Every line of the listing is to be printed again exactly.
--- Supplied data ---
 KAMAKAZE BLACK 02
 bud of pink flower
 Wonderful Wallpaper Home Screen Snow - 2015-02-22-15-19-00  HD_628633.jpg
---
### [Exercise response]
 KAMAKAZE BLACK 02
 bud of pink flower
 Wonderful Wallpaper Home Screen Snow - 2015-02-22-15-19-00  HD_628633.jpg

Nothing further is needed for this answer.